13 - revised

6.3K 532 6
                                    

Girl like you deserves a gentleman

***

"Kamu di sini dua hari lagi bisa kali?" aku berpikir sejenak mendengar pertanyaan Mamaku, hari ini aku tidak memiliki jadwal.

Itu sebabnya aku masih duduk nyaman di sofa ruang keluarga bersama Mamaku. Ben sudah pergi ke rumah sakit pagi tadi, sedangkan ayahku pergi bekerja.

Aku membuka ponselku untuk melihat jadwalku satu minggu ke depan, "bisa sih kayaknya, tapi aku kurang tau sama Ben. Ntar aku tanya dia deh," melanjutkan memotong kukuku yang sudah memanjang karena aku tidak suka dengan kuku panjang, menyusahkan pekerjaan. "Emang Mama mau kemana deh?" tanyaku.

"Kia kan mau nikah, Mama harus ke sana lah. Eh atau kamu ikut aja kali ya." Ah ya aku melupakan itu, sepupuku yang termuda dari pihak Mamaku akan menikah.

Aku membenarkan posisi duduk, "aku sih bisa aja ma, tapi kalo Ben gatau. Dia kan ada pasien, gak pasti." Bahuku mengangkat ragu, "Ben gausah ikut aja deh.

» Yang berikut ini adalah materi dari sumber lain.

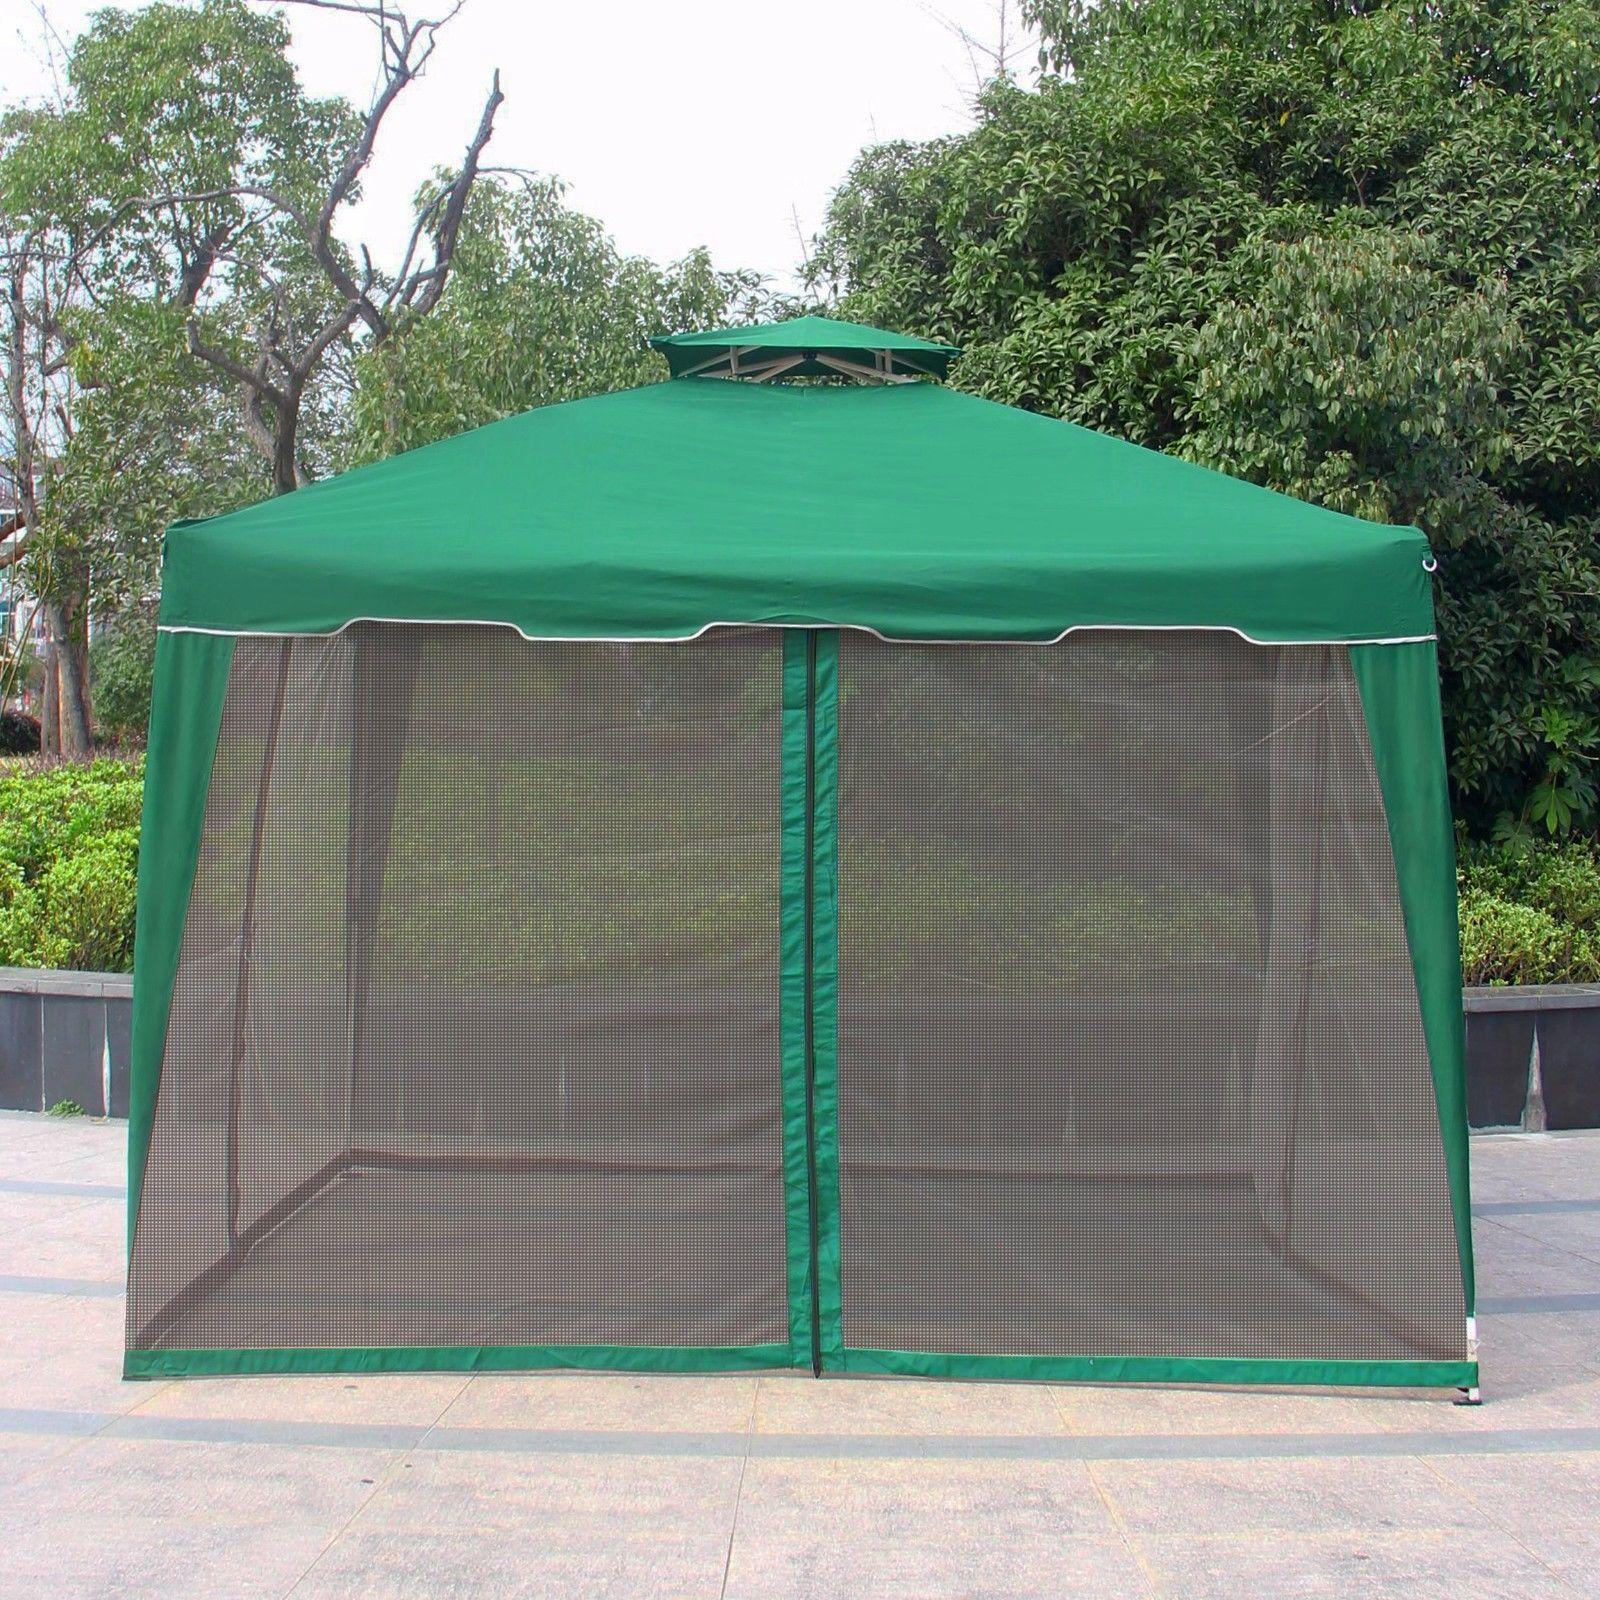 Patio Umbrella Netting: 10' X 10' Gazebo Replacement Outdoor Garden Gazebo Canopy

Aduh!" aku menatap Mamaku tidak mengerti saat dirinya memukul lenganku dengan penuh kasih sayangnya.

Mamaku melotot kesal memandangku, "kalian itu udah satu paket, kalo Ben gak bisa yaudah kamu jaga rumah ini aja daripada sepi." Inilah Mamaku yang sesungguhnya. "Eh Mama Ben ntar gimana?" tanyaku.

"Lah kamu gak tau Sela lagi di sana? Makannya Mama nyuruh kamu di sini aja," ah iya aku tidak tau menau soal itu. Kak Sela ternyata tengah menginap di sana.

Pada akhirnya aku mengangguk mengiyakan, "yaudah deh ntar aku tanya ke Ben." Ucapku pada Mama. Kali ini mata Mamaku memicing, "kalian lagi marahan?" aku spontan memandang Mamaku, "kata siapa?" tanyaku.

"Kata Bi Ida kamu ke sini sendirian? Terus Ben nyusul." Aku mendengus, kenapa Mamaku mudah sekali untuk menyimpulkan.

Aku berdecak pelan, "kalo marahan aku gak usah repot-repot nyiapin keperluan dia dari kemarin kali waktu dia dateng, Mama gak usah ngaco deh." Jelasku sambil mengibaskan tanganku.

Aku menoleh saat Mamaku mengelus lenganku pelan, "kalo kemana-mana izin suami loh, Ra." Aku mengangguk, "tau Mama, lagian aku kemarin tuh emang bilang ke Ben kalo mau kesini." Terangku pada Mama.

Mamaku mengangguk mengerti, "soalnya Bi Ida bilang muka kamu bikin layu taneman." Aku berdecak mendengarnya, "stop deh ma." Protesku pada Mama.

Wajah Mamaku sejak tadi mudah sekali berubah, kali ini senyum jahilnya terbit. "Cucu Mama gimana kabarnya?" kali ini aku mendelik menatap Mamaku, "apaan sih! Udah ah mending di kamar aja tau gitu dari tadi." Aku mengabaikan Mamaku yang terkikik geli ke arah kamar, Mamaku benar-benar!

***

Inilah momen yang paling aku rindukan, tengkurap dengan laptop yang menampilkan video ditemani dengan camilan dan minuman di nakas. Nikmat Tuhan manakah yang engkau dustakan!

Kegiatanku terhenti saat ponselku bergetar, dengan malas mengambil ponselku menampilkan nomor tidak dikenal yang akhir-akhir ini sering kali muncul.

"Ya?" tanyaku to the point pada orang di seberang sana, Ben.

Ben terkekeh di seberang mendengar nada kesalku, "tolong bawain map item di laci nakas ke sini bisa?" fuih, "nice time," gumamku yang ternyata masih didengar oleh Ben. "Ya?" tanyanya.

Aku mengangguk, "oke, tapi agak lama gak apa? Aku harus ke rumah kamu dulu soalnya." Jelasku sambil mulai menutup laptopku. "Kamu masih di rumah Mama?" tanyanya, aku mengangguk kecil. "iya," jawabku.

Aku mulai turun ke bawah menghampiri Mamaku, menjauhkan ponselku dari jangkauan dan bertanya pada Mamaku. "Kunci mobil di mana ma?" tanyaku, Mamaku menunjuk ke arah kunci-kunci diletakkan.